Maria Torres Ausejo – Que vous inspire le titre de la JIE7 « Parents exaspérés – enfants terribles » ?

Jean-Pierre Rouillon – Ce titre est d’abord surprenant, il dérange, il a une fonction de réveil. C’est un titre avec des piquants. Il nous conduit à réinterroger à nouveaux frais, la question cent fois rebattue du rapport entre l’enfant et sa famille. Il redonne vie à la fonction du symptôme de l’enfant en lien avec le couple familial. Le trait d’union entre « parents exaspérés » et « enfants terribles » y apparaît plus comme une barre, comme une séparation, que comme un lien, une relation. Des deux côtés de cette barre, c’est l’excès qui surgit, l’envahissement, le sans-limites. Cela permet donc de poser d’une façon radicalement nouvelle la question de la jouissance qui est au fondement de l’institution familiale. La jouissance se situe, se localise, peut se condenser des deux côtés de la barre. Un réel est présent des deux côtés également. Qu’est-ce qui peut réfréner la jouissance aujourd’hui où pour reprendre l’expression de Jacques Lacan à la suite d’André Malraux, il n’y a plus de grandes personnes ? 

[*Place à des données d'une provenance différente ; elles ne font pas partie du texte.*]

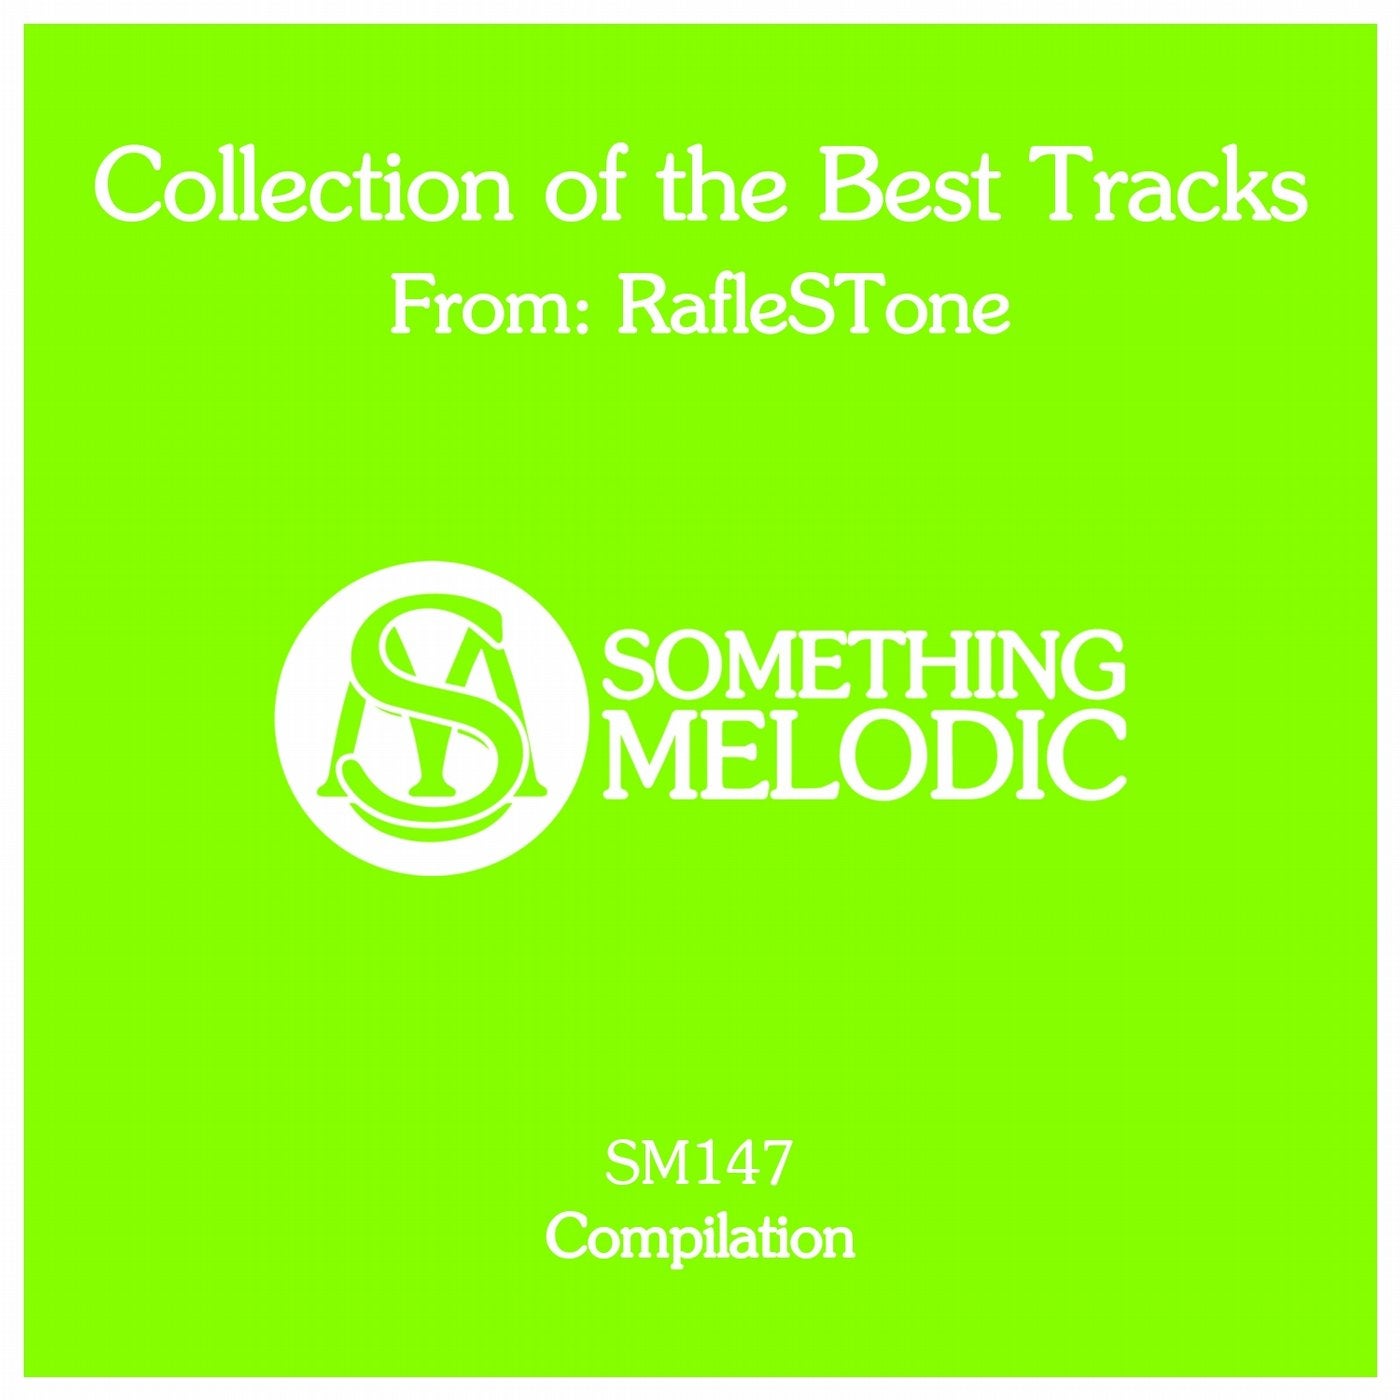 Collection of the Best Tracks From: Raflestone

Il s’agit de prendre au sérieux aussi bien l’exaspération des parents que la figure aussi bien redoutée qu’attendrissante de l’enfant terrible. Ce n’est qu’en serrant, qu’en cernant au plus près le réel en jeu pour chacun qu’une tempérance de l’excès peut advenir ouvrant la voie à de nouveaux modes de transmission dans la famille. Il s’agit alors aussi de s’interroger sur la joie que l’on peut trouver dans la famille. 

M. T. A. – Quel statut a la parole dans l’institution où vous travaillez ?

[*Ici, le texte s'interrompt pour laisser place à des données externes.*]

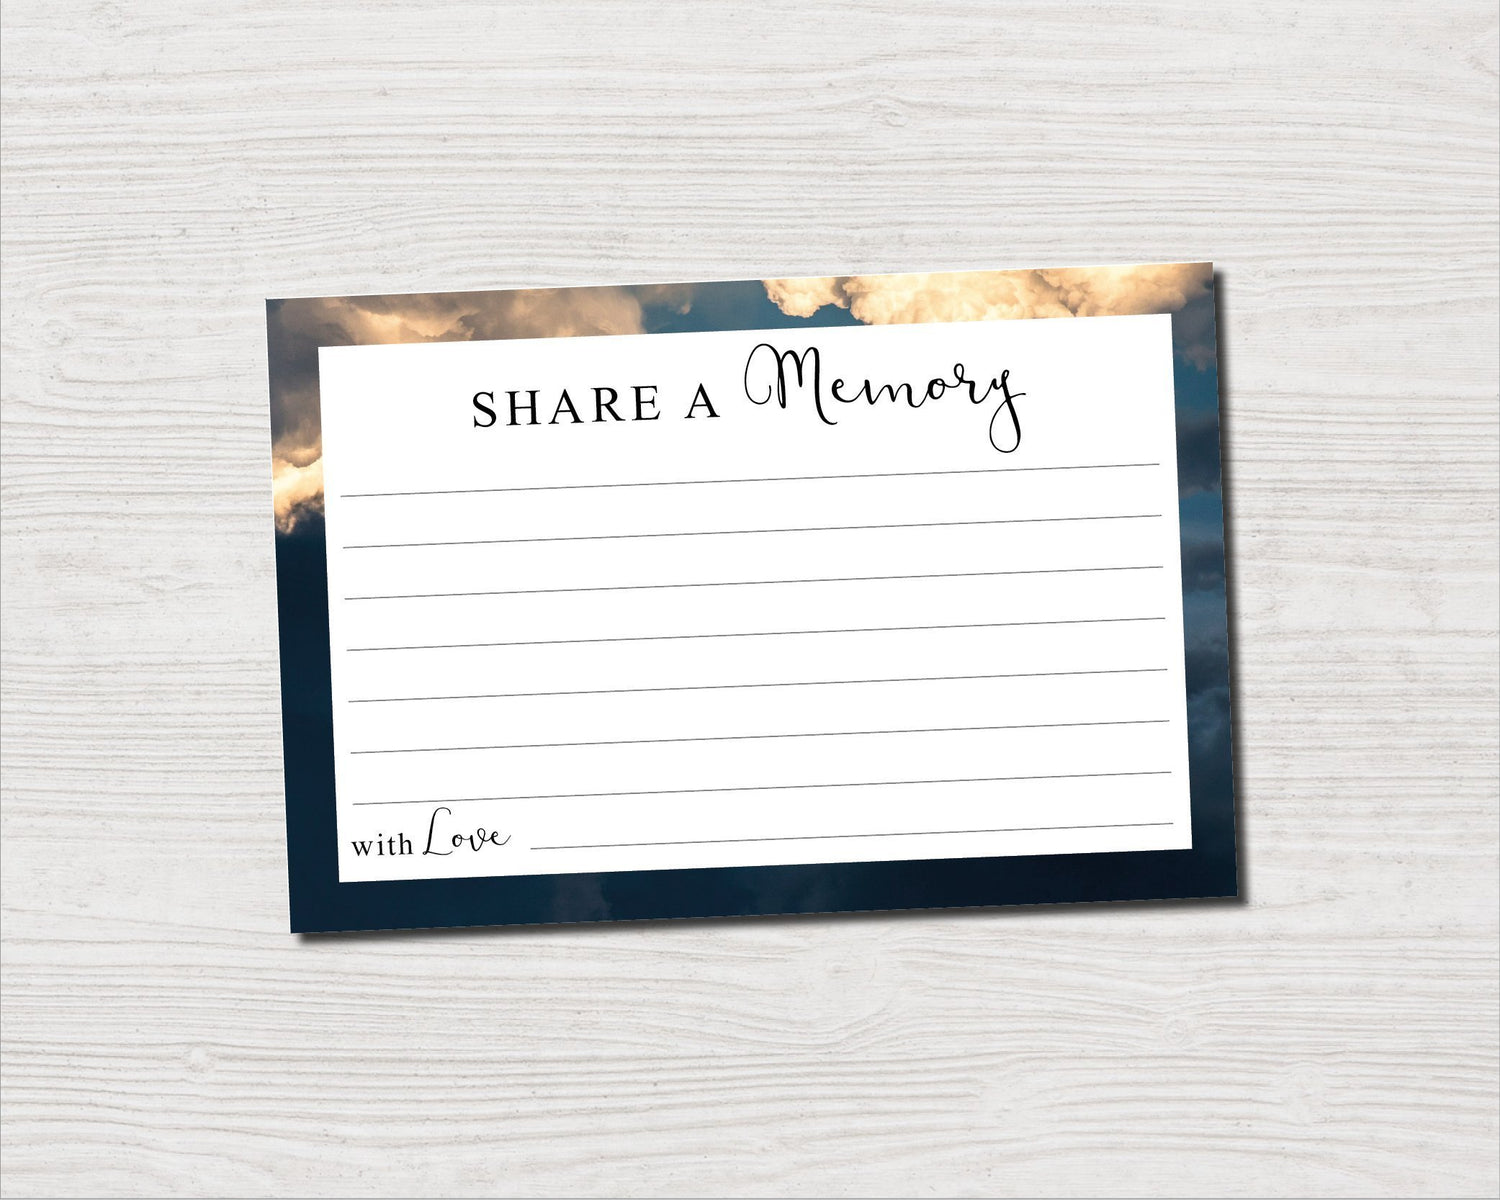 Sky Share a Memory Sign and Cards

J.-P. R. – Nous recevons des sujets enfants et adultes qui pour la plupart ne disposent pas de l’usage de la parole à des fins de communication. Ce qui ne les empêchent pas d’être, de fait, dans la parole et d’être des parlêtres. Ce mutisme ou cette verbosité, qui peuvent occuper la fonction de défense contre le réel et contre l’impact du signifiant sur le corps, nous conduisent à être attentifs justement aux ravages que peuvent provoquer les paroles des uns et des autres autour de l’enfant. L’exaspération se traduit souvent par des paroles terribles, des phrases définitives qui réduisent l’enfant insupportable à un statut de déchet. La raison, le raisonnement sont de peu de poids lorsque l’excès rend sourd à tout dialogue. Il faut alors prendre au sérieux l’exaspération, en mesurer le poids d’insupportable, y consentir pour qu’un retournement puisse s’opérer face à l’horreur de la chose. Quant à l’enfant terrible, c’est en se plaçant de son côté face au réel auquel il se confronte, qu’une lecture peut s’opérer venant dissoudre la figure de l’enfant terrible. Ces opérations ne peuvent se réaliser sans la prise en compte du statut de la parole, cette dernière n’interdit plus la jouissance, mais se présente comme un de ses moyens. Il y a lieu alors de traiter le signifiant dans sa matérialité, en ouvrant la voie à de l’altérité au lieu même de la réitération du signifiant tout seul. Ce qui invite à ne pas reculer devant l’usage résonné de la parole hors sens aussi bien avec les parents qu’avec l’enfant.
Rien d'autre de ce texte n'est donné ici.